Singer writes to Elliott colleague Wiktor Sliwinski: ‘You should call PPG and let them know that we have sent the EGM request and that now may be an opportune time for PPG to reach out and try to engage.’
Akzo, made aware of the email after it was sent to a representative, said the note contained price-sensitive information.
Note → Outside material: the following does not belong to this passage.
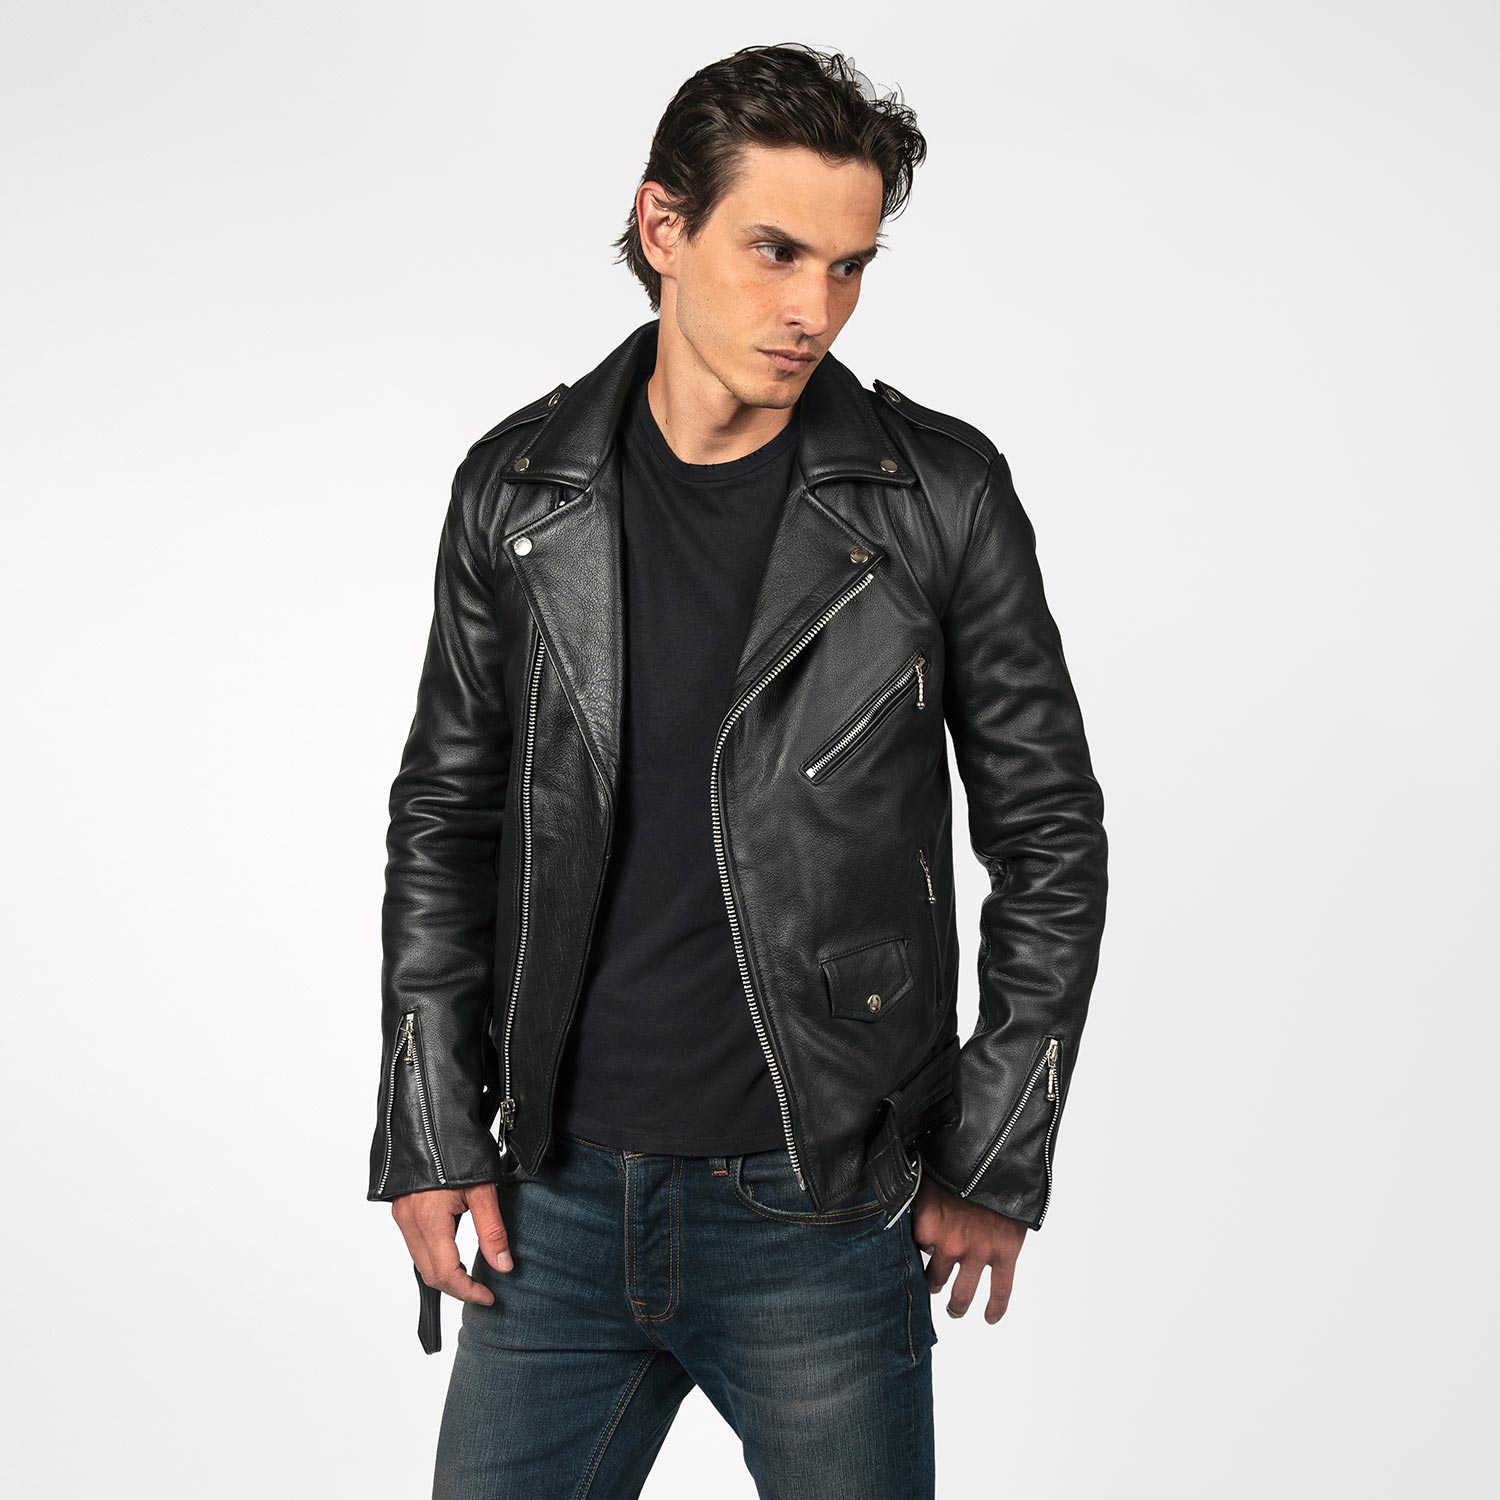 Tall Man Leather Jackets - Cairoamani.com

This is because the fact that Elliott had written to Akzo calling for a shareholder meeting to remove Burgmans should have remained private until it was officially announced – meaning PPG had no right to know. Akzo has reported Elliott to the Dutch Authority for the Financial Markets. Elliott, which became a shareholder in December, refused to comment on the email. Instead it said: ‘PPG has met and communicated with Akzo Nobel’s top 20 shareholders; as one of the top 20 shareholders of Akzo Nobel, Elliott has therefore, as a matter of course, met and communicated with PPG.’
Elliott has been leading calls for Akzo to hold discussions with the US rival. It claimed yesterday that Akzo had failed to ‘genuinely listen’ to its concerns and it holds Burgmans accountable.
Elliott said it had won the support of shareholders for an EGM and has now asked Akzo to begin preparing the meeting, a process that takes eight weeks.
Akzo says the removal of Burgmans would be ‘irresponsible’ and has said it would respond to the EGM request within 14 days, as required by Dutch law.